By zjechać z autostrady A1 w Nowej Wsi, trzeba czekać ok
By zjechać z autostrady A1 w Nowej Wsi, trzeba czekać ok. 20-25 minut
Źródło: tvn24

Polacy wracają z długiego weekendu. Największe korki tworzą się na trasie Kraków - Zakopane i na autostradzie A1, która prowadzi znad polskiego morza. Kierowcy, którzy podróżują tymi trasami, muszą uzbroić się w cierpliwość.

Na Zakopiance korki tworzą się na wysokości Poronina aż do Białego Dunajca, gdzie od 2013 r. wprowadzony jest ruch wahadłowy przez uszkodzony most. Następnie utrudnienia kierowcy napotkają w Nowym Targu, skąd korek sięga do Klikuszowej.

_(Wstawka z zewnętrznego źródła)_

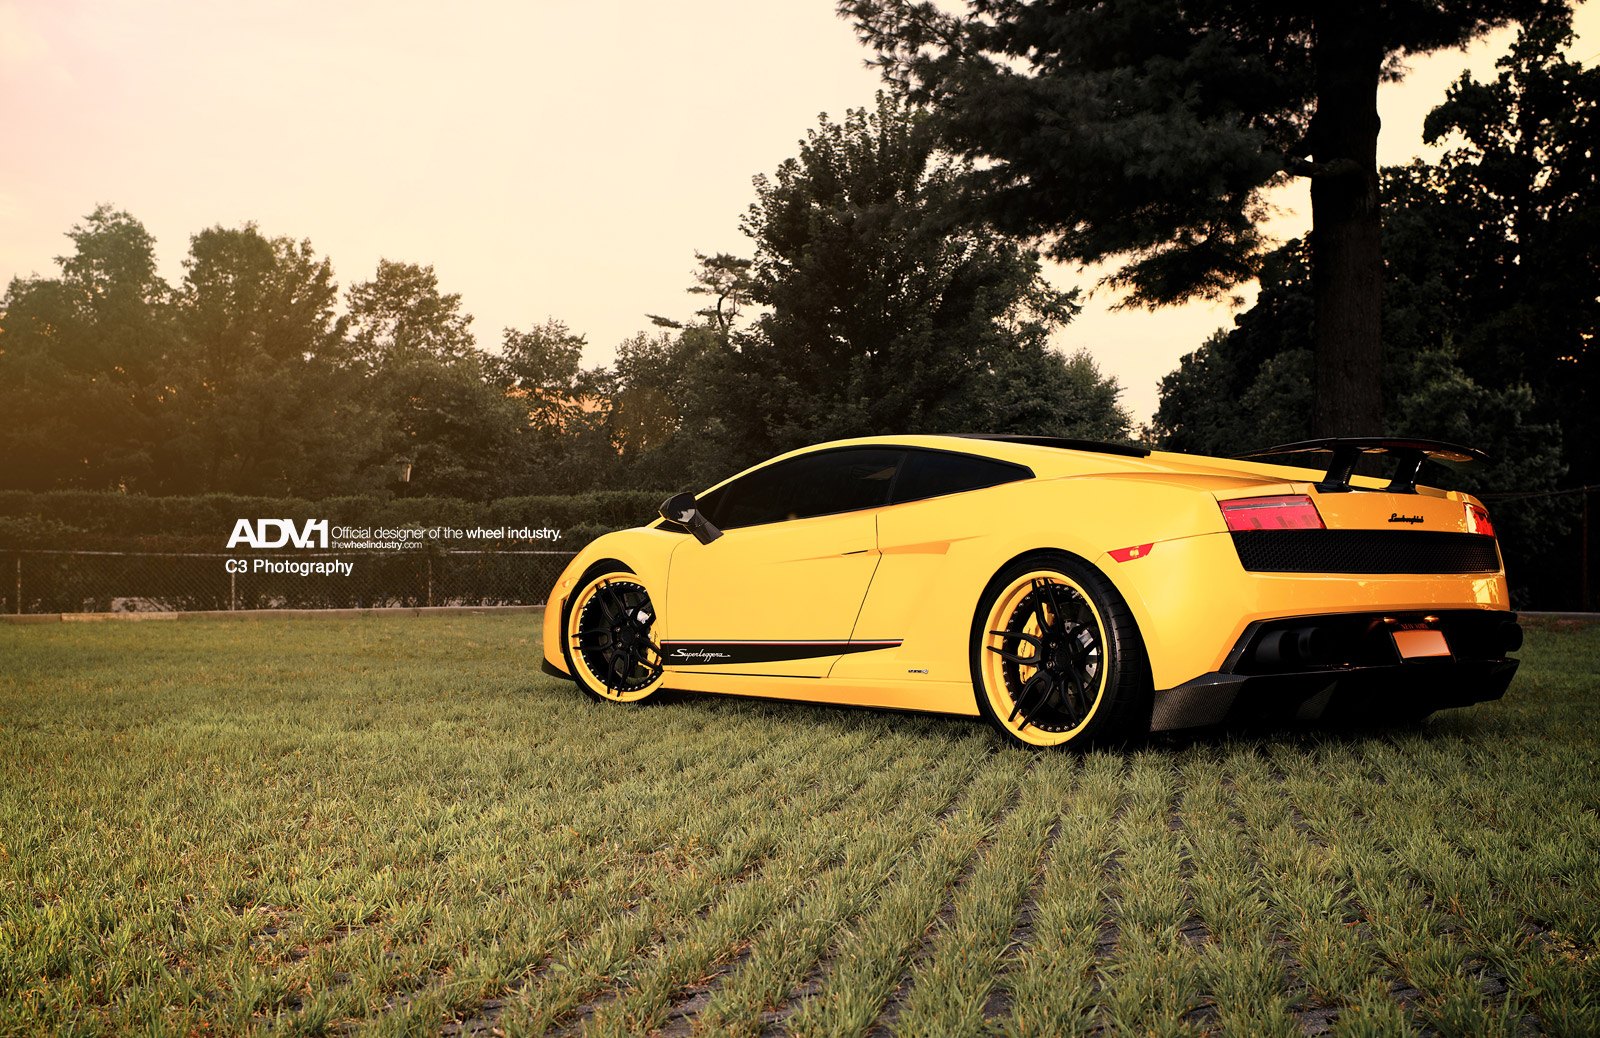 Yellow Lamborghini Gallardo with Carbon Fiber Rear Diffuser - Photo by ADV.1

Samochody stoją też w Rabce Zdroju, skąd korek sięga do Skomielnej Białej.

Przejazd z Zakopanego do Krakowa to obecnie trzy - trzy i pół godziny - mówił po godzinie 14 reporter TVN24. Z każdą minutą przybywało jednak samochodów i czas przejazdu może się znacznie wydłużyć.

By szybciej dojechać do Krakowa, należy ominąć Zakopiankę. Jadąc z Zakopanego należy wybrać drogę wojewódzką nr 958 przez Czarny Dunajec, a następnie drogą krajową 28 kierować się do Rabki Zdroju i jechać na Mszanę Dolną. Na Zakopiankę trzeba wrócić w Lutniu, gdzie droga jest dwupasmowa. W ten sposób zaoszczędzić można minimum godzinę - półtorej godziny jazdy.

Powroty znad morza

Znad morza także ciągną tłumy. Na autostradzie A1 tuż przed punktem poboru opłat w Nowej Wsi trzeba oczekiwać ok. 20-25 minut. Tu też samochodów jest coraz więcej.

By nie stać w korku, można z autostrady A1 zjechać wcześniej - dokładnie na węźle Lubicz. Następnie należy przejechać przez Toruń, a potem drogą nr 91 dojechać do Ciechocinka, by wrócić na autostradę. To więcej kilometrów, ale można zaoszczędzić kilkanaście minut. Kto jednak zdecyduje się na podróż A1 - musi uzbroić się w cierpliwość.

30 ofiar

Podczas długiego weekendu 30 osób zginęło, a 389 zostało rannych w 293 wypadkach. Jak poinformowała w poniedziałek Komenda Główna Policji, od piątku zatrzymano 930 nietrzeźwych kierowców.

Podczas długiego weekendu na trasach wylotowych z miast można spotkać więcej patroli.

Funkcjonariusze sprawdzają, czy kierowcy poruszają się zgodnie z przepisami i dozwoloną prędkością. Kontrolują także ich trzeźwość, stan techniczny pojazdów oraz czy wszyscy podróżujący mają zapięte pasy, a dzieci przewożone są w fotelikach. Na trasach są także nieoznakowane radiowozy wyposażone w wideorejestratory.

Główne przyczyny wypadków to m.in.: nadmierna prędkość, nieustąpienie pierwszeństwa przejazdu, nieprawidłowe wyprzedzanie oraz kierowanie pojazdem pod wpływem alkoholu.